Her eyes met Amherst's. "It seems to me," he said, "that you're like
that yourself--loving long flights, yet happiest in the thick of life."

She raised her dark brows laughingly. "So I imagine--but then you see
I've never had the long flight!"

Amherst smiled. "Ah, there it is--one never knows--one never says, _This
is the moment_! because, however good it is, it always seems the door to
a better one beyond. Faust never said it till the end, when he'd nothing
left of all he began by thinking worth while; and then, with what a
difference it was said!"

She pondered. "Yes--but it _was_ the best, after all--the moment in
which he had nothing left...."

"Oh," Cicely broke in suddenly, "do look at the squirrel up there! See,
father--he's off!
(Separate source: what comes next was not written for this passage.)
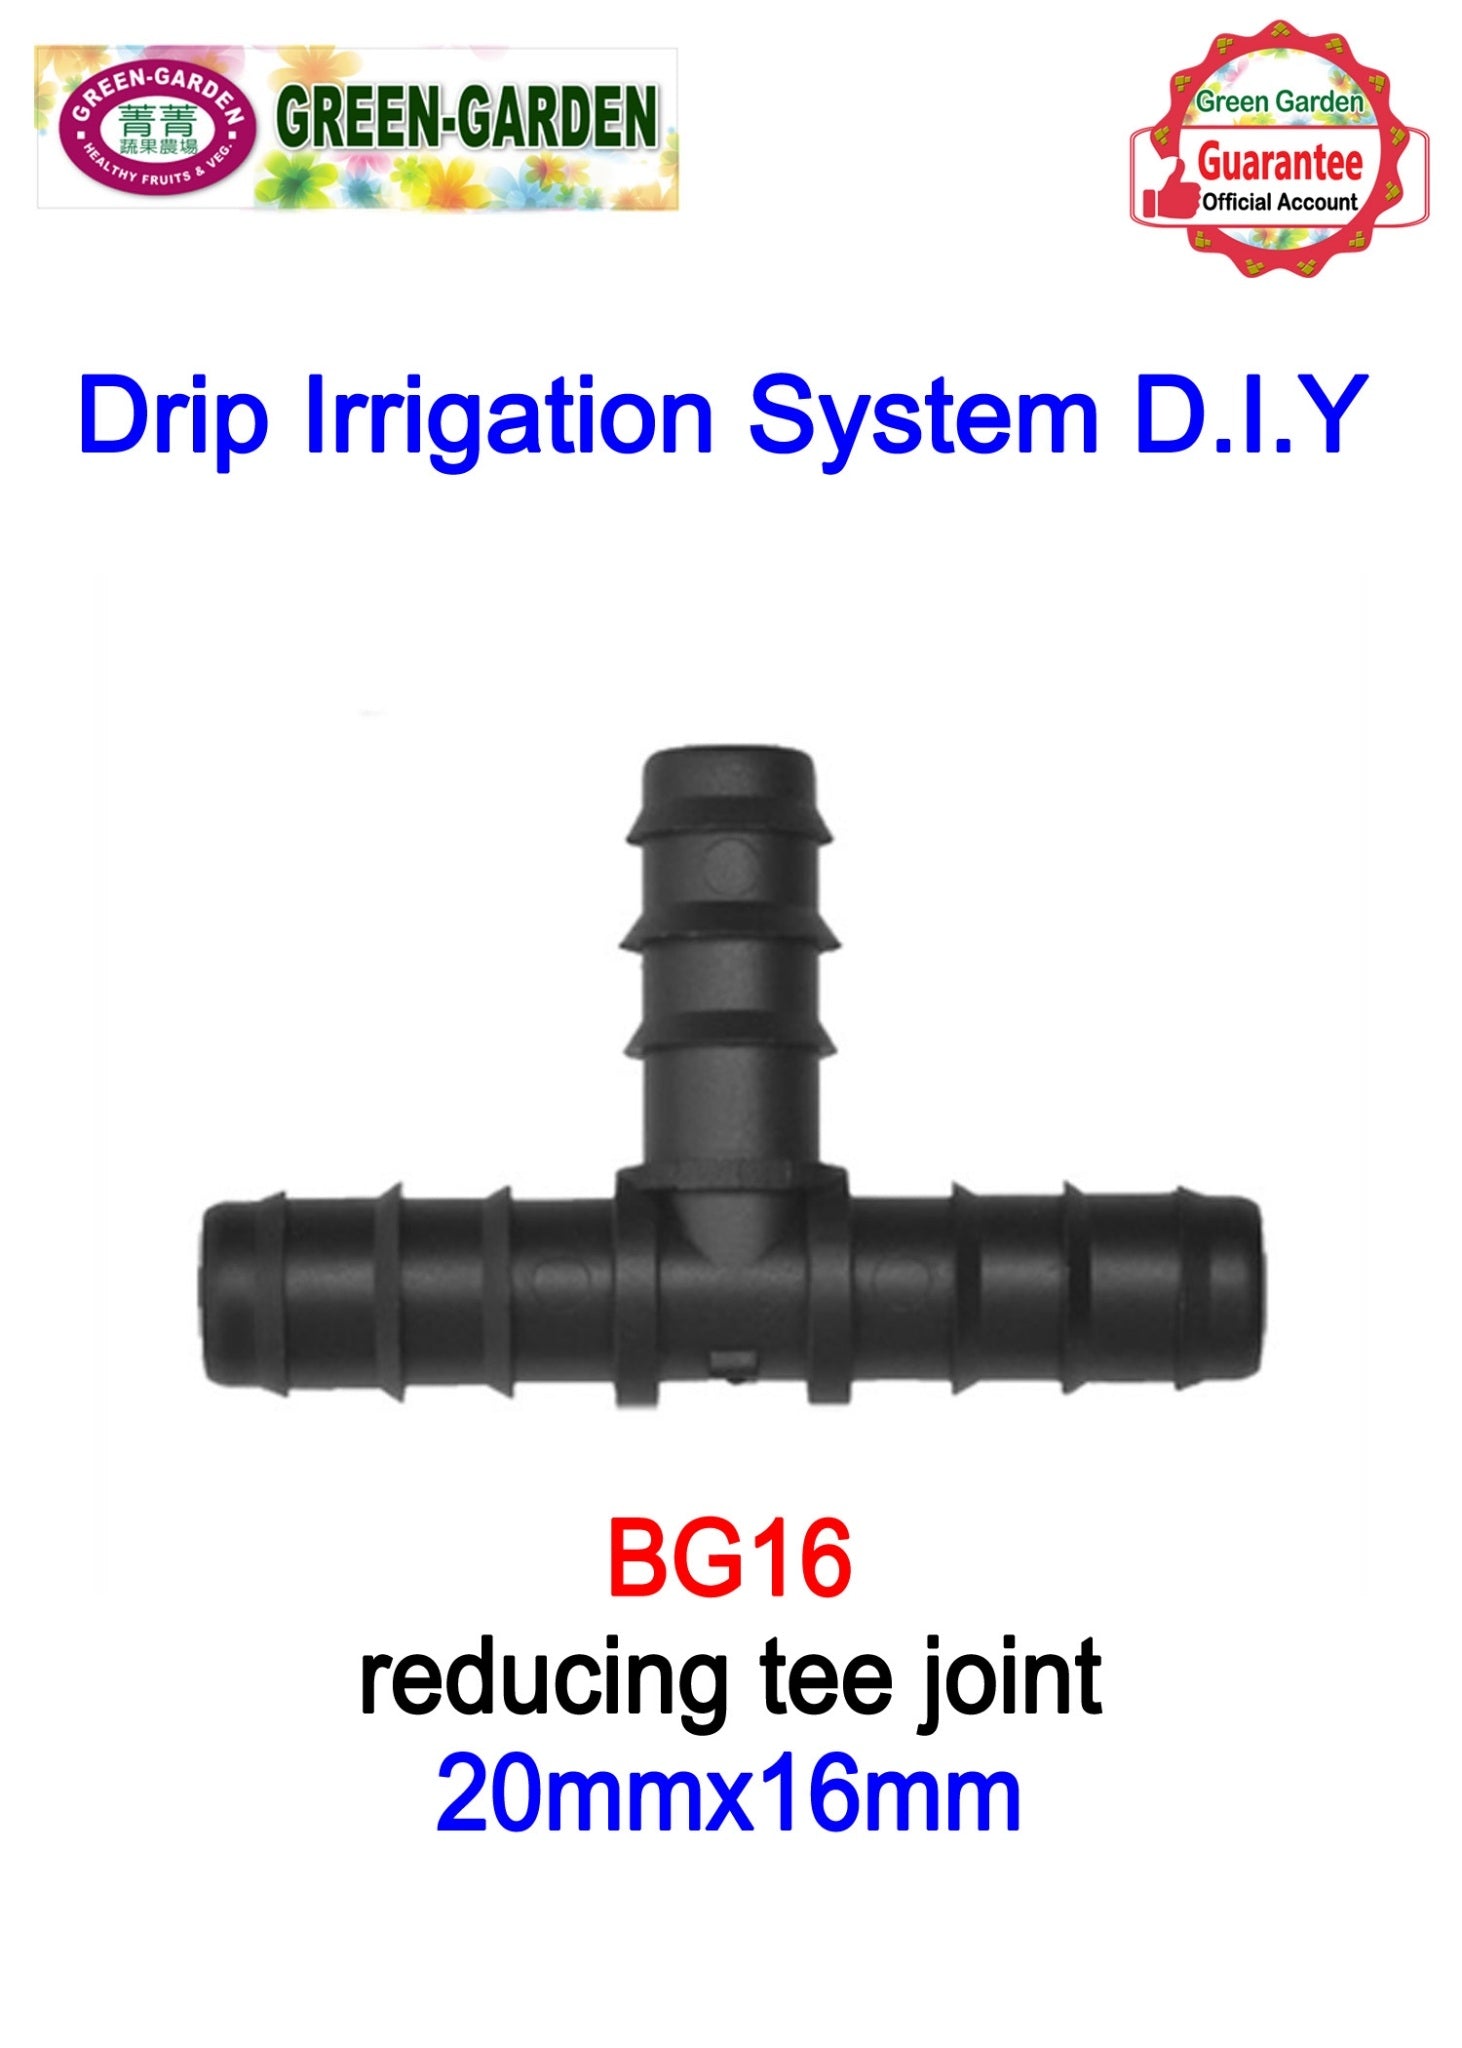 Drip Irrigation System - 20mm x 16mm reducing tee joint(2pcs) BG16

Let's follow him!"

As she crouched there, with head thrown back, and sparkling lips and
eyes, her fair hair--of her mother's very hue--making a shining haze
about her face, Amherst recalled the winter evening at Hopewood, when he
and Bessy had tracked the grey squirrel under the snowy beeches.
Scarcely three years ago--and how bitter memory had turned! A chilly
cloud spread over his spirit, reducing everything once more to the
leaden hue of reality....

"It's too late for any more adventures--we must be going," he said.